* WHAT IS REQUIRED *
Begin at the line that contains "IIYAMA XU2395WSU-B1" and reproduce it along with every line after it to the end of the listing; skip any pictures.

* GIVEN DATA *
★ ★ ★ ★

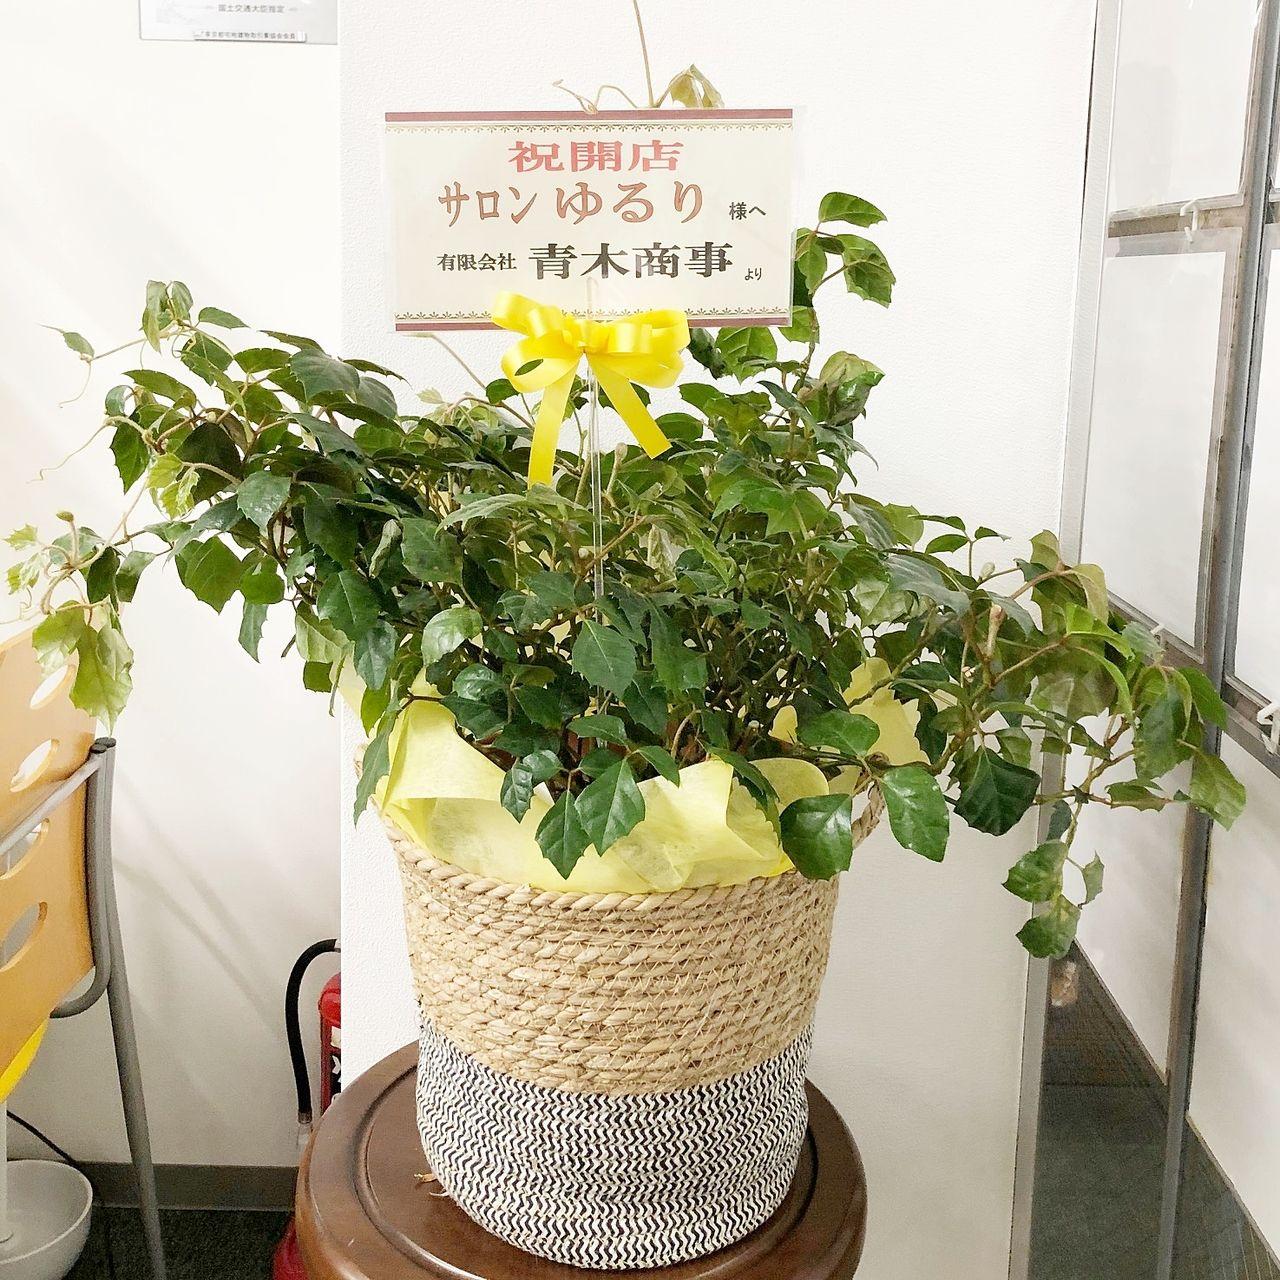 池袋の中條ビルに整体・温熱療法『サロンゆるり』さんがオープンされました。開店お祝いにお花を持参しました
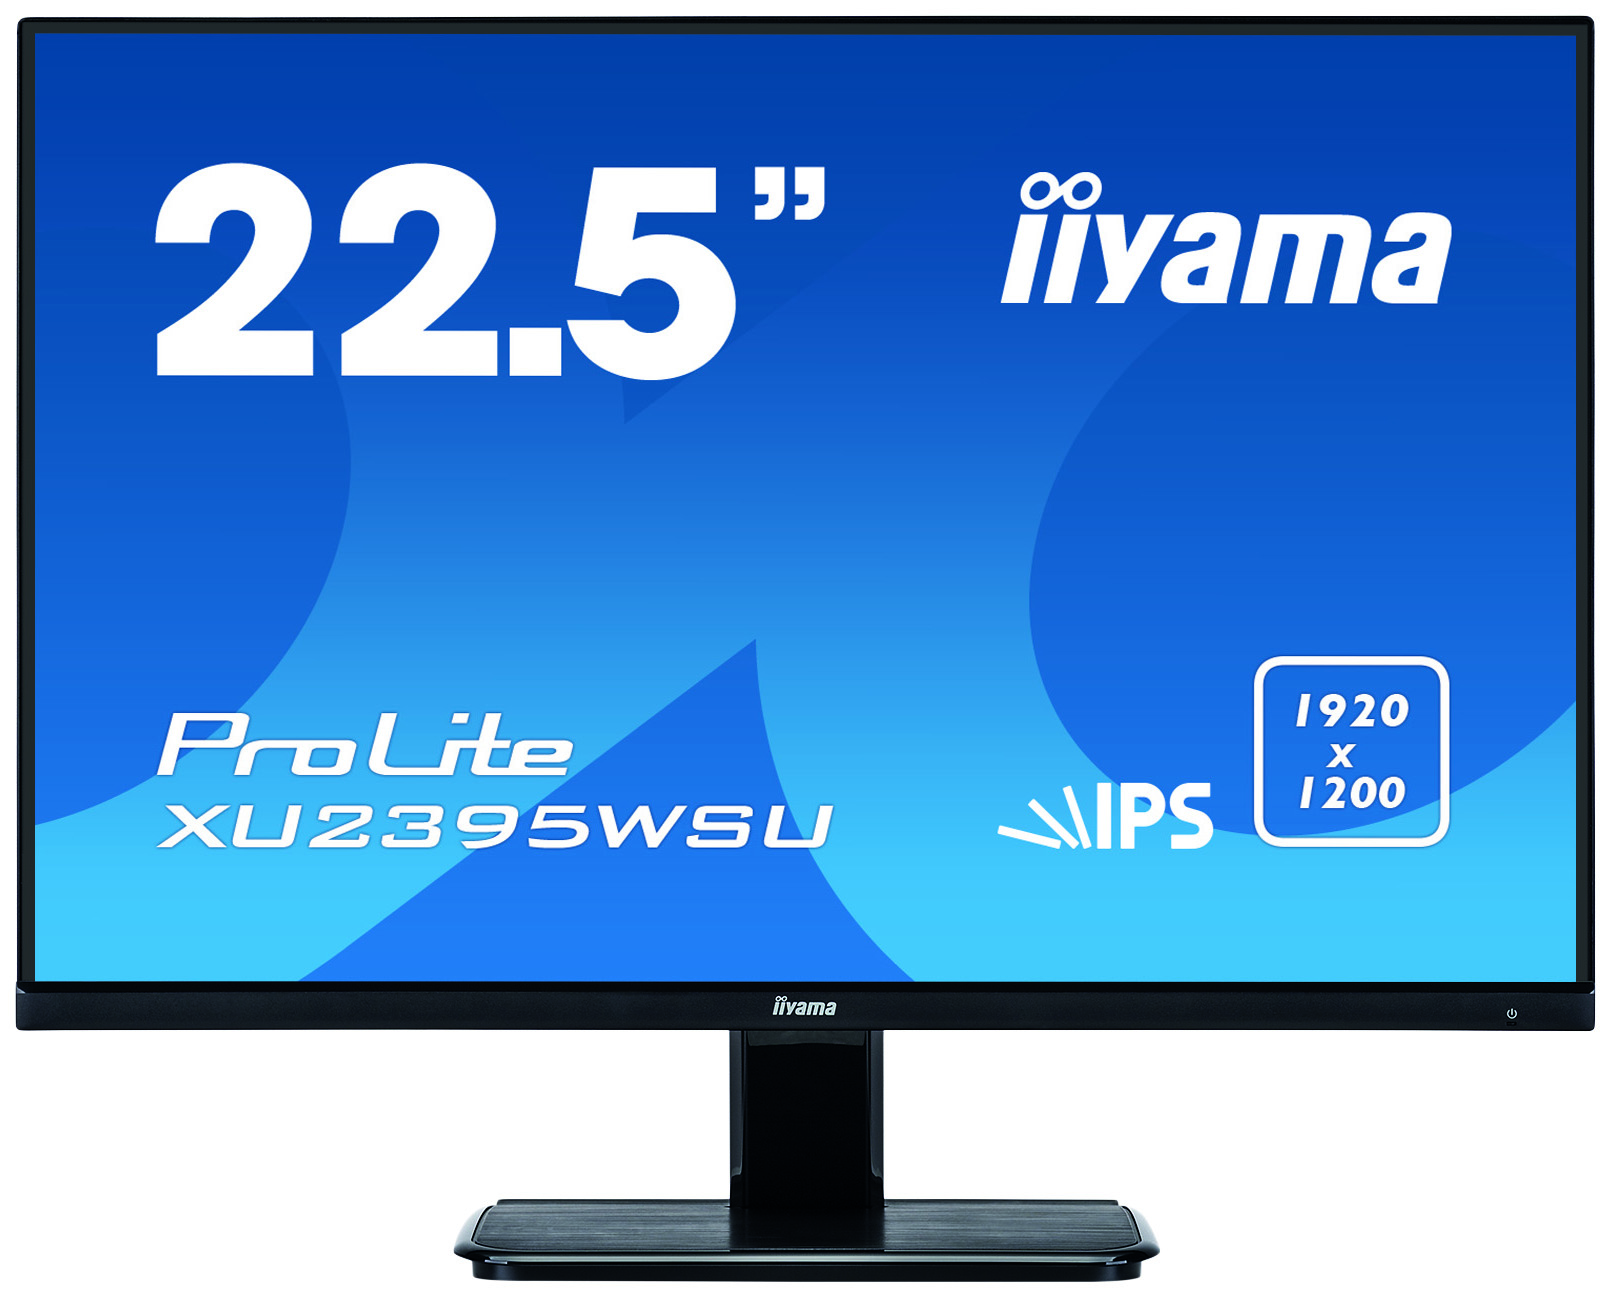 IIYAMA XU2395WSU-B1
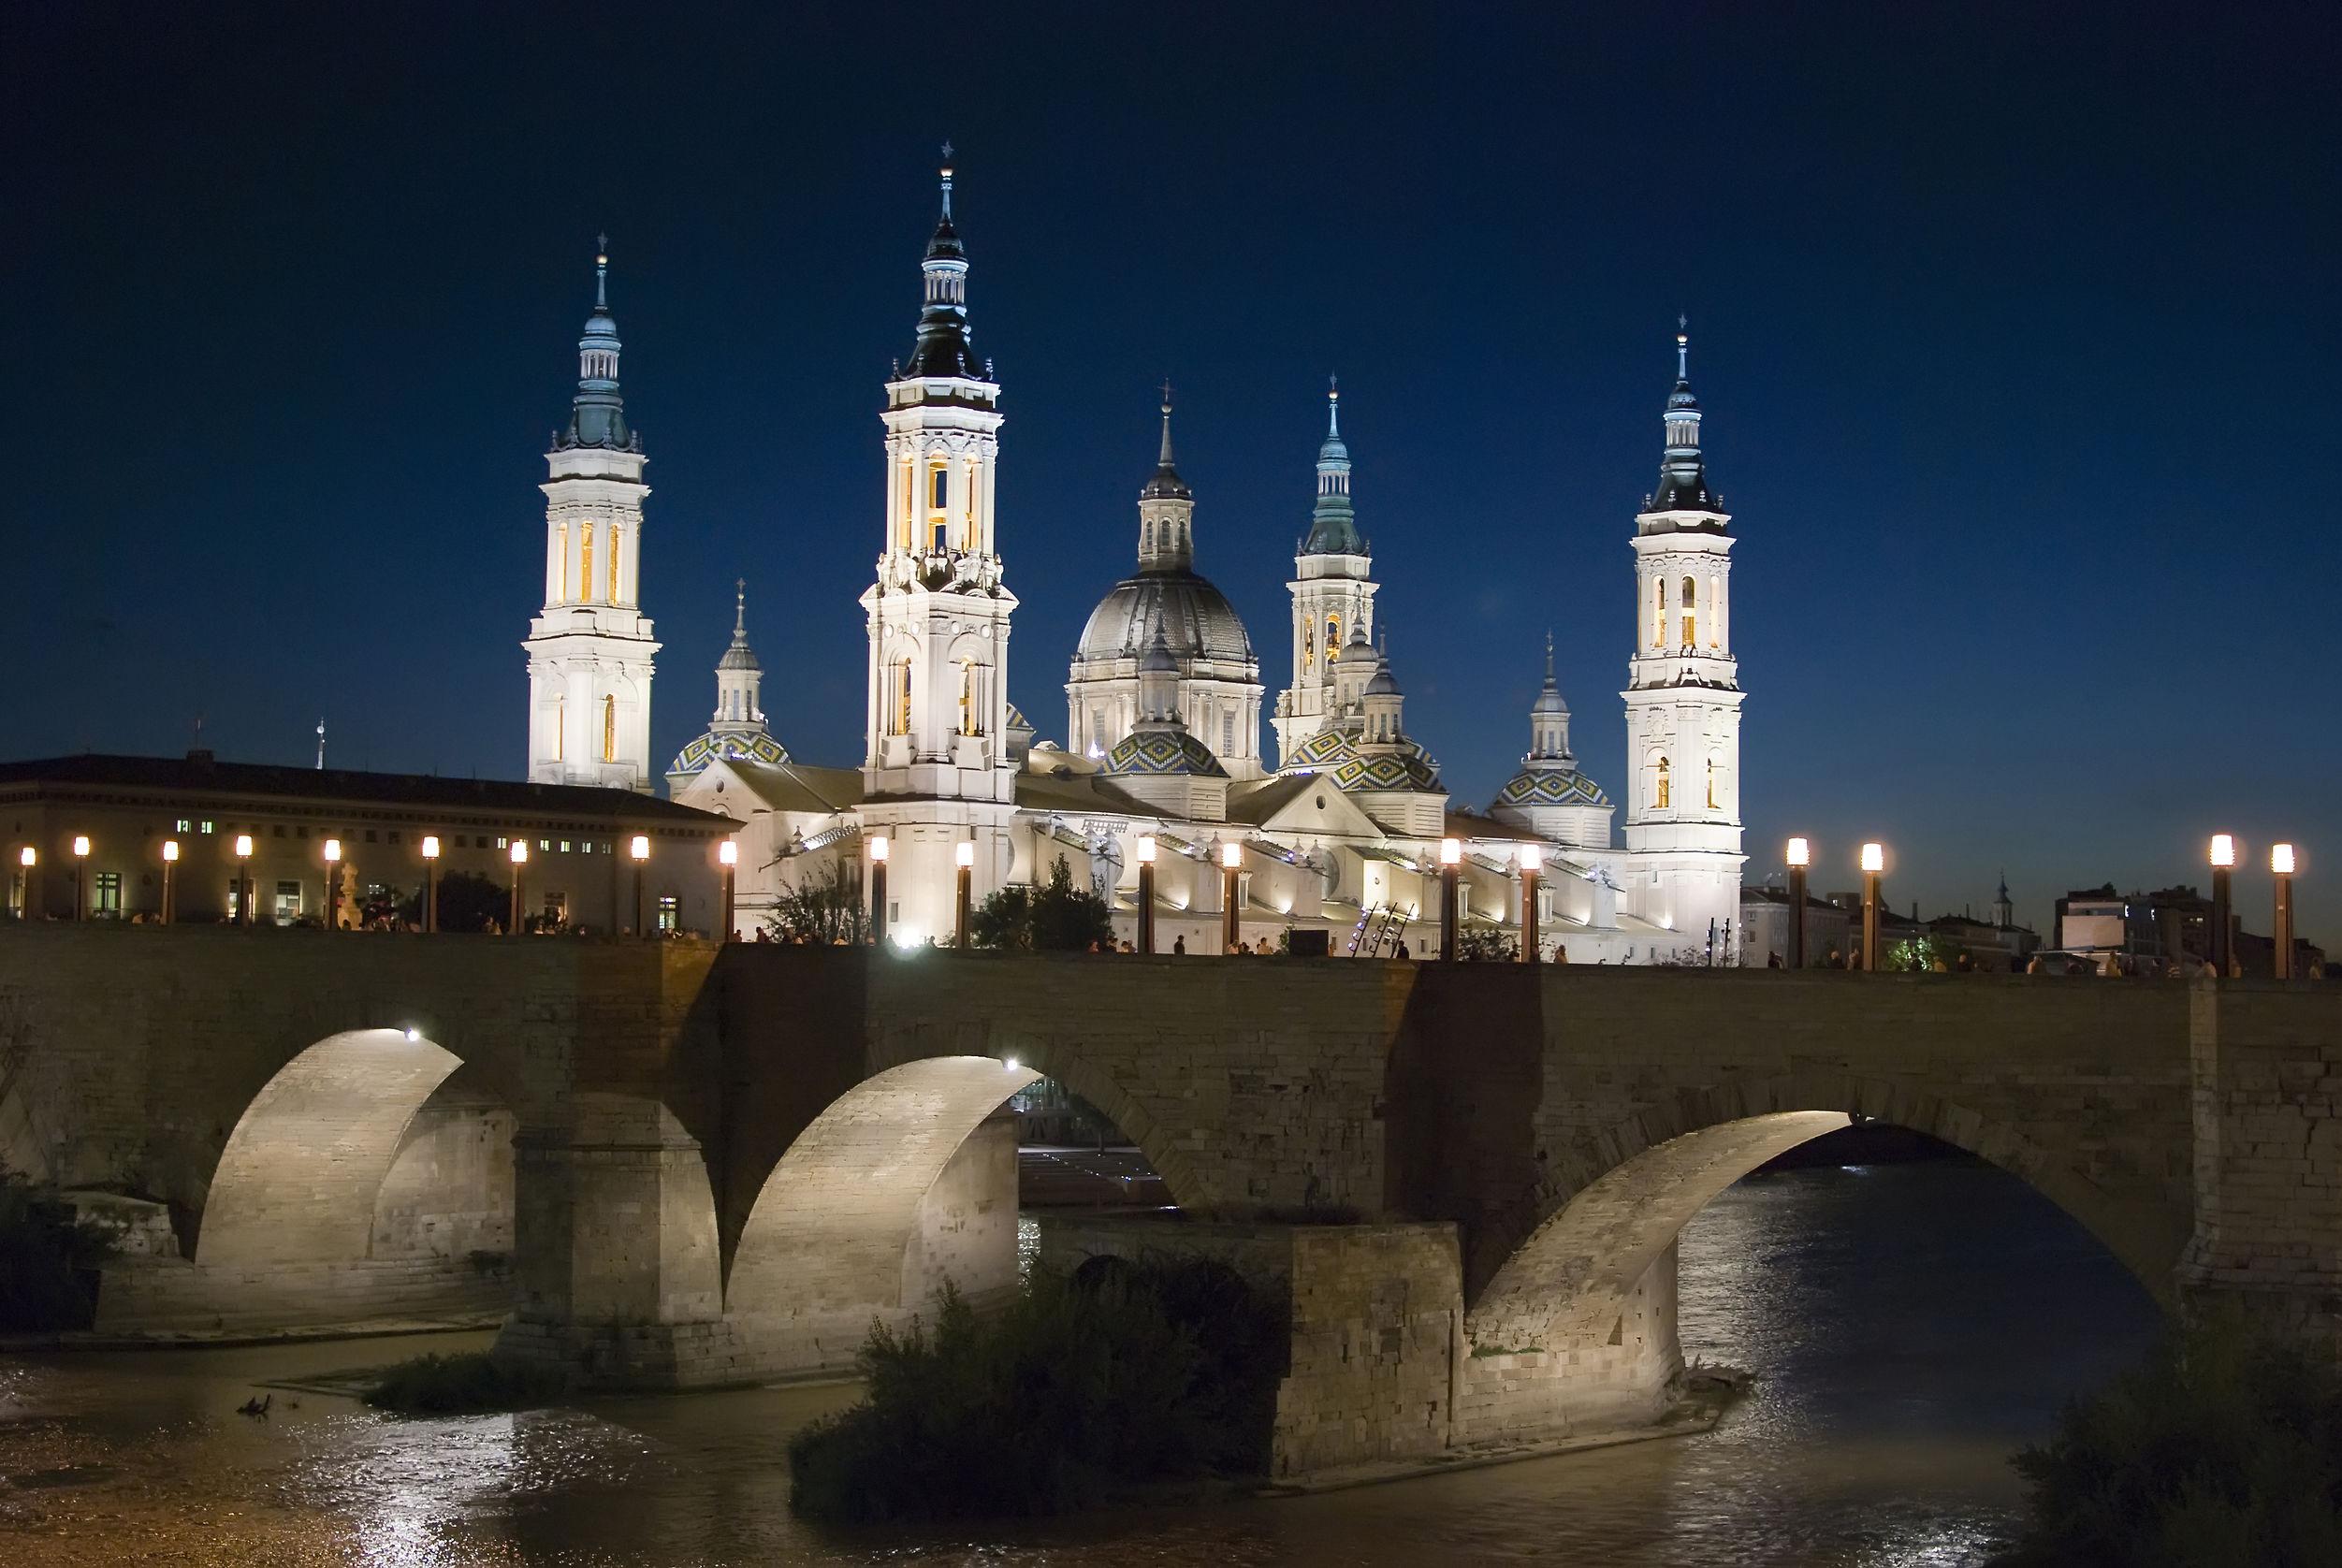 北スペインの観光スポットであるアラゴンのサラゴサにある聖母ピラール大聖堂

★ ★ ★ ★

* RESULT *
 IIYAMA XU2395WSU-B1
 北スペインの観光スポットであるアラゴンのサラゴサにある聖母ピラール大聖堂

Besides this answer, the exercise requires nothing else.